== Problem to solve ==
Repeat the records below exactly, beginning at the first line and finishing with the line that contains "Rolls-Royce Phantom - greatest".

Start of Source records

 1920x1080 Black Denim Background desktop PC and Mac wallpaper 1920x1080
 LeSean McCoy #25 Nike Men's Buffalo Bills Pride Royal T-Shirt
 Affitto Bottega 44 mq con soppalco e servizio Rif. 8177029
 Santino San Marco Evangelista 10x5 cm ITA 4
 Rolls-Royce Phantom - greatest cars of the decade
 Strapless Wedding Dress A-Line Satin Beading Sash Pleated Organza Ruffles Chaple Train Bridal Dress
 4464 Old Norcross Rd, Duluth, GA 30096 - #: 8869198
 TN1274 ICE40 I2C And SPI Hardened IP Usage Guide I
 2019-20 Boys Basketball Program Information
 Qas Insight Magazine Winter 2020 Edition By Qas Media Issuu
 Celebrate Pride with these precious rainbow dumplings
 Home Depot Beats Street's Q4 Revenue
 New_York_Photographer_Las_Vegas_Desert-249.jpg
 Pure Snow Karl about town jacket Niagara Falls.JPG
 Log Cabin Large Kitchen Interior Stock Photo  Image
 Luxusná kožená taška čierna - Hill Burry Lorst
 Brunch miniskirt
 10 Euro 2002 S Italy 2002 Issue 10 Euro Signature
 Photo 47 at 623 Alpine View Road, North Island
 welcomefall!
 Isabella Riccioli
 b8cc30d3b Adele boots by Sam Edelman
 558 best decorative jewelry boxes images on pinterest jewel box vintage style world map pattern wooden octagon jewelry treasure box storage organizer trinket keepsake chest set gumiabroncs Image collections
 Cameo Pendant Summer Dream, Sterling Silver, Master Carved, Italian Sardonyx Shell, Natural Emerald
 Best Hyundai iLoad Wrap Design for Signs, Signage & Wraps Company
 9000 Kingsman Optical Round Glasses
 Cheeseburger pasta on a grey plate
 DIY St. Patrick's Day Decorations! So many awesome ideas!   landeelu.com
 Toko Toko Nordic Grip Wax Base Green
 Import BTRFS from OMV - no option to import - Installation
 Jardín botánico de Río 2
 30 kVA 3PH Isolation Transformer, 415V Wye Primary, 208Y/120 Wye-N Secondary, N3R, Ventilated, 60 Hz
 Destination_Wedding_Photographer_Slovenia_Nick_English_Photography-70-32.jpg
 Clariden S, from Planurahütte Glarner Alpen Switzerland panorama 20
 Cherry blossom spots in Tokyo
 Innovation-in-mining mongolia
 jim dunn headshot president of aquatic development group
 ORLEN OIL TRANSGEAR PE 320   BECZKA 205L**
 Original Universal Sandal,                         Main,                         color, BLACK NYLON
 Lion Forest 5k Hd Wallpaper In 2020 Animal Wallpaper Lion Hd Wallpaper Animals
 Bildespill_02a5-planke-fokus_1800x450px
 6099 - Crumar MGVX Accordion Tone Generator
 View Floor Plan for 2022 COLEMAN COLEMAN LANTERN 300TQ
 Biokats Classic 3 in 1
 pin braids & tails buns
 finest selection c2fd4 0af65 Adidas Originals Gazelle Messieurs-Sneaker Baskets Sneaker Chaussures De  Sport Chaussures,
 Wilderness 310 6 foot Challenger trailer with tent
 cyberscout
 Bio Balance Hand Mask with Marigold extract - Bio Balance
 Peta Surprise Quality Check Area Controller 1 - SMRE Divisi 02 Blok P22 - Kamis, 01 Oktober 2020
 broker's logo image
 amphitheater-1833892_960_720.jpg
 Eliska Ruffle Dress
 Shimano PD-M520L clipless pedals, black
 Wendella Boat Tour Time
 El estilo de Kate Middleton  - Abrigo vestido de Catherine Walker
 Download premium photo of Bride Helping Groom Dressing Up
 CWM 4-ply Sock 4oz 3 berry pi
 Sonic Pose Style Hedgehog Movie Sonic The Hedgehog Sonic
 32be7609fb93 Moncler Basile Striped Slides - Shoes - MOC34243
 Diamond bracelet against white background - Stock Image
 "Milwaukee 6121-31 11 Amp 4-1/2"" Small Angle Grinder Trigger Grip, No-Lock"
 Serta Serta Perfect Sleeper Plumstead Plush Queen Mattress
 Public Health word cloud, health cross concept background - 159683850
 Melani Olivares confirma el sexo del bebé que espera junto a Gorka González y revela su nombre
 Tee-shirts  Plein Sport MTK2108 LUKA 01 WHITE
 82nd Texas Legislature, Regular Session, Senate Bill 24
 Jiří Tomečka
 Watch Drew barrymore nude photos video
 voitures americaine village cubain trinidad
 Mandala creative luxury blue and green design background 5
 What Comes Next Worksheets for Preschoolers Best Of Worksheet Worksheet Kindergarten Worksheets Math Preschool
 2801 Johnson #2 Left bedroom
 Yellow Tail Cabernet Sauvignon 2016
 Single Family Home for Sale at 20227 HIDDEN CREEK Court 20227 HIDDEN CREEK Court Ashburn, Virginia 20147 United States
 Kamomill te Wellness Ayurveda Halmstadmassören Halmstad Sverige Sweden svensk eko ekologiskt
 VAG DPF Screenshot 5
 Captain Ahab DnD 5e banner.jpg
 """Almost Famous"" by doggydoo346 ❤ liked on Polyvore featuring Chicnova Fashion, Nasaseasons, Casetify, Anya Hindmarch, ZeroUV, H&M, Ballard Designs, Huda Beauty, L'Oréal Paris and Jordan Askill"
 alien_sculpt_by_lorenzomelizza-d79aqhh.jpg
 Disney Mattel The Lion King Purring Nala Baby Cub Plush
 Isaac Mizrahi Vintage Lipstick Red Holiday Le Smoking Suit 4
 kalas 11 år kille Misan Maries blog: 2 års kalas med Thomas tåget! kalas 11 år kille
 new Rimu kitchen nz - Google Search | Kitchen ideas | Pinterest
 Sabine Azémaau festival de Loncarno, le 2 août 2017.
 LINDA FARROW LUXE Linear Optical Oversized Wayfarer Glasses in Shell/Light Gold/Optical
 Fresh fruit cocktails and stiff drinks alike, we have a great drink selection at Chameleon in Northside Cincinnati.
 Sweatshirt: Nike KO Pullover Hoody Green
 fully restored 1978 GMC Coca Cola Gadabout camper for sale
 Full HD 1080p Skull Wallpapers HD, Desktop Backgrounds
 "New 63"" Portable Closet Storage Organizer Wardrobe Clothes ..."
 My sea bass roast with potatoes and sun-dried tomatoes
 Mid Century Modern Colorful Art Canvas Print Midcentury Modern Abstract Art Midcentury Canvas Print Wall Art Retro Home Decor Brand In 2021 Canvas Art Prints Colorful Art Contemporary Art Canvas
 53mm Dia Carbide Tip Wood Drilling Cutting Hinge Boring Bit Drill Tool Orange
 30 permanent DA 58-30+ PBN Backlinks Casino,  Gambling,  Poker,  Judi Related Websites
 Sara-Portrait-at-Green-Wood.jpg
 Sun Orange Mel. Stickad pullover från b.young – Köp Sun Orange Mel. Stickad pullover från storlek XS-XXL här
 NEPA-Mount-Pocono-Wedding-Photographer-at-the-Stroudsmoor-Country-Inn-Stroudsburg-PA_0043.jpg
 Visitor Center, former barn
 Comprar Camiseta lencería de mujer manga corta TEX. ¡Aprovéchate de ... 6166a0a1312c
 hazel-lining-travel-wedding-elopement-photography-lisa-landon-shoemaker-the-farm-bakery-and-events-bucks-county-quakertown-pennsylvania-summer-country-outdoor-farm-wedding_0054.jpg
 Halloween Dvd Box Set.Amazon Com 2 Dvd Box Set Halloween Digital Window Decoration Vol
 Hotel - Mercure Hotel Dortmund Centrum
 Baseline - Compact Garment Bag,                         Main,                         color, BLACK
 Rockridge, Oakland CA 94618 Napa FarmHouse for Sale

End of Source records

== Problem solution ==
 1920x1080 Black Denim Background desktop PC and Mac wallpaper 1920x1080
 LeSean McCoy #25 Nike Men's Buffalo Bills Pride Royal T-Shirt
 Affitto Bottega 44 mq con soppalco e servizio Rif. 8177029
 Santino San Marco Evangelista 10x5 cm ITA 4
 Rolls-Royce Phantom - greatest cars of the decade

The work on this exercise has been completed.